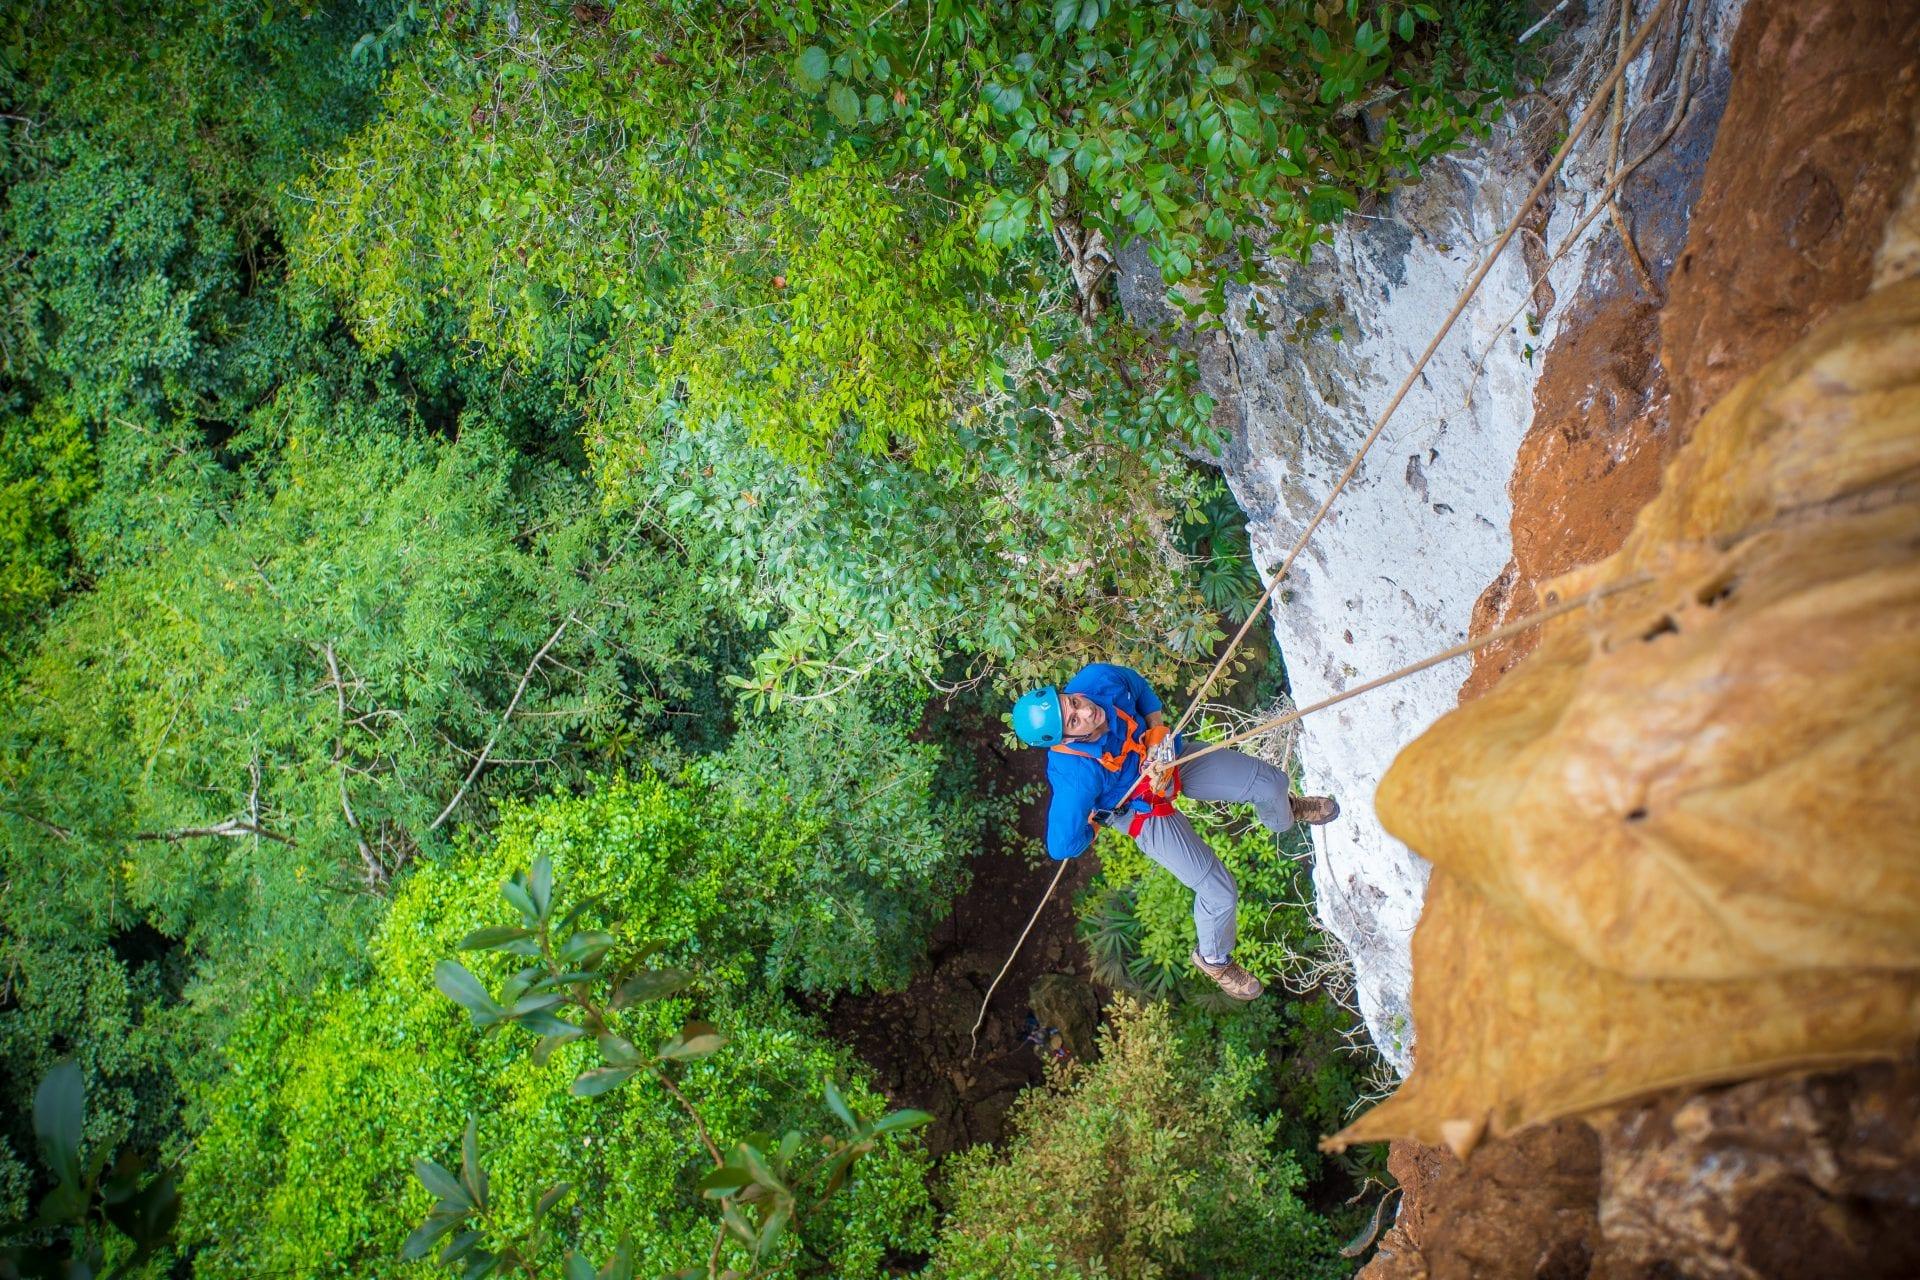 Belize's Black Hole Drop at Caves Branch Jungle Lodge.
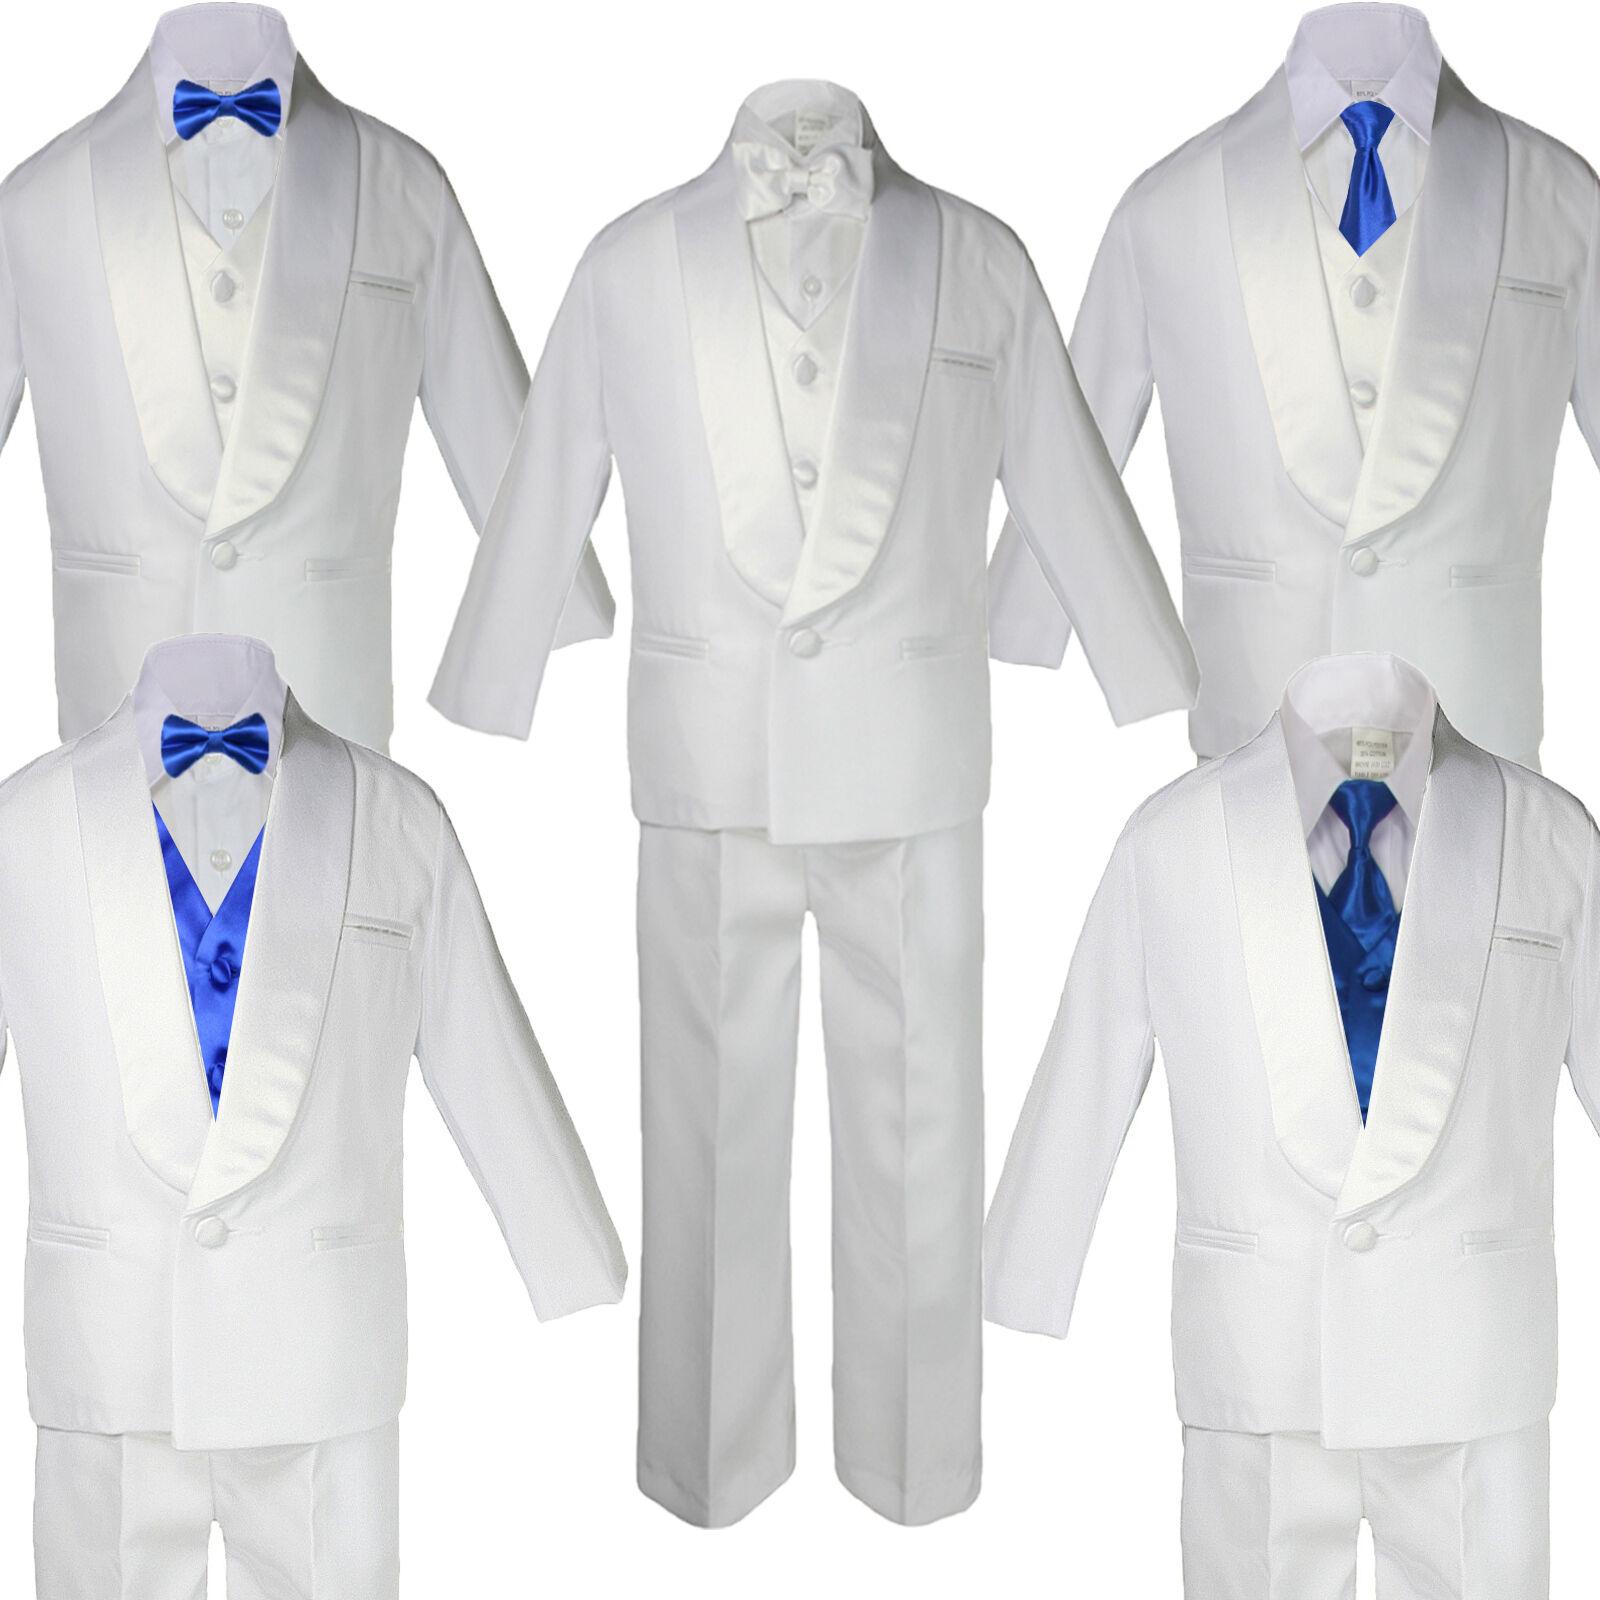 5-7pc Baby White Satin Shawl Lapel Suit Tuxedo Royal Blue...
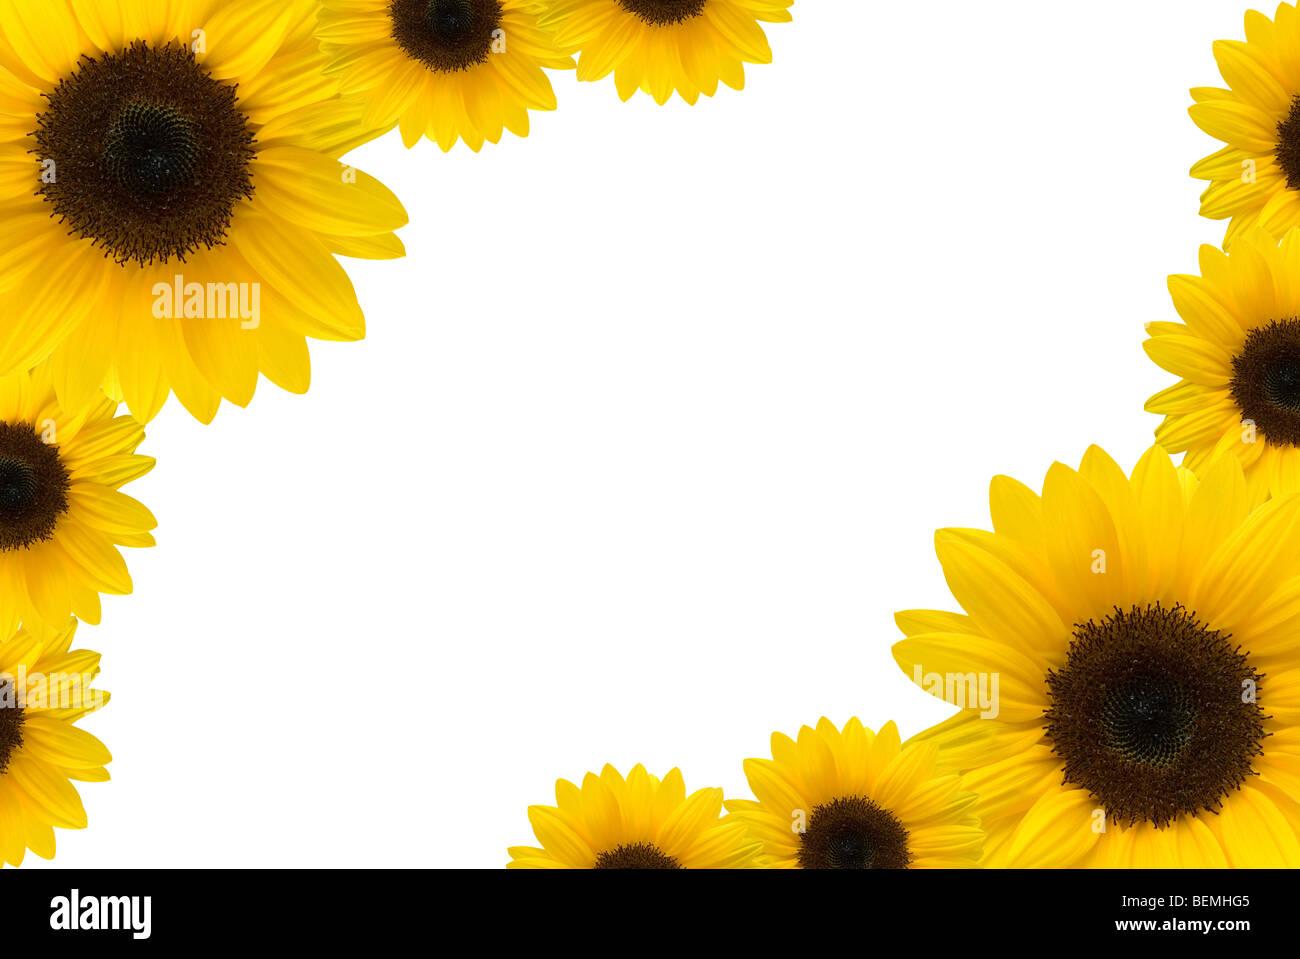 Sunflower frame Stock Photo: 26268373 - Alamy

• **What the task requires**
Each line from the line containing "5-7pc Baby White" through the final line of the data above must be retyped exactly; nothing else, and no pictures, may appear.

• **Written solution**
 5-7pc Baby White Satin Shawl Lapel Suit Tuxedo Royal Blue...
 Sunflower frame Stock Photo: 26268373 - Alamy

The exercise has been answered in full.